Mark Zuckerberg says he's getting more comfortable as he ages.
The Meta CEO, who turned 40 in May, recently replied to a Threads post commenting on his evolving public persona. The Threads user noted Zuck's age when he founded Facebook, noting that he "looks way more comfortable now."
In a response to the post, Zuckerberg said when he was 19 years old he "didn't know anything about running a company, communicating publicly, etc."
He said he built confidence on the technical and product side of the company, but got negative feedback on how he came across.
Early in his career, the Meta CEO was repeatedly labeled as awkward. Some of Facebook's missteps, most significantly the 2018 Cambridge Analytica data breach, didn't help his reputation.
Zuckerberg was widely mocked in 2020 after the New York Post shared a photo of him surfing with a face covered in sunscreen. The CEO faced another round of internet mocking in 2022 after he released a selfie of his Metaverse avatar posing in front of the Eiffel Tower.
The image quickly went viral for its low-tech appearance — and the billionaire reportedly took it all personally.
"Being awkward and getting negative feedback on how I came across definitely made me more careful and scripted," Zuckerberg said in the Threads post. "Still not my best thing, but getting a bit more comfortable just being me as I get older."
Zuck's tried to revamp his public persona in recent years.
He's undergone a fashion and style transformation, and even comes across differently in interviews and public appearances.

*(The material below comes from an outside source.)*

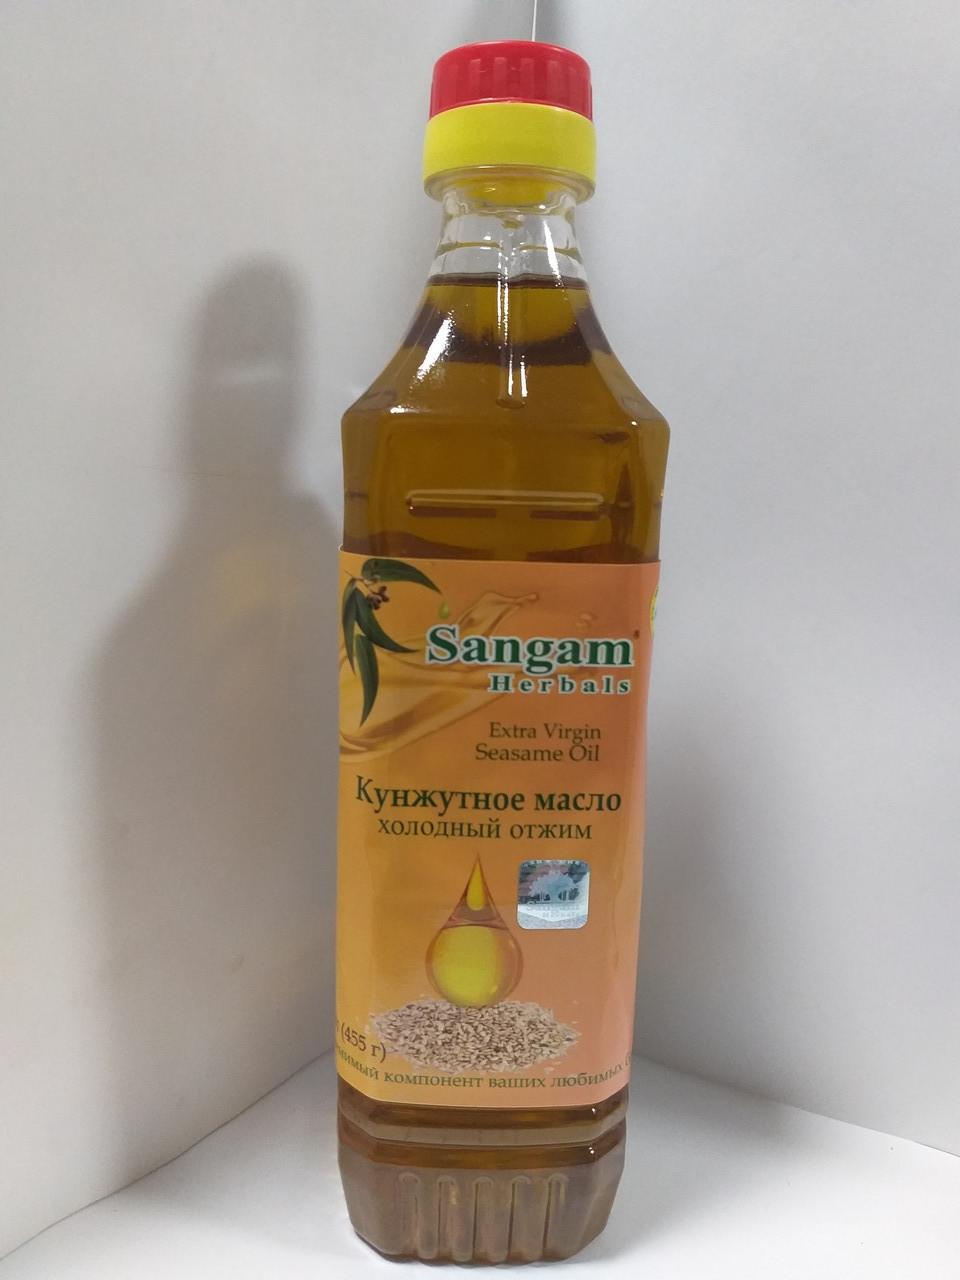 Кунжутное масло, 500 мл, Сангам, Extra Virgin Seasame Oil

Now, the CEO tends to pair his signature T-shirts with gold chains.
In a marked difference from the viral sunscreen snap, the billionaire recently posted a video of himself surfing in a tux and sipping beer backed by Bruce Springsteen's "Born in the USA."
Zuckerberg is impressing people in the business world, too.
He recently won praise from CEOs for open-sourcing Meta's AI model, Llama 3.1. Shopify's CEO called the model an "incredible gift," and even Elon Musk said he "does deserve credit."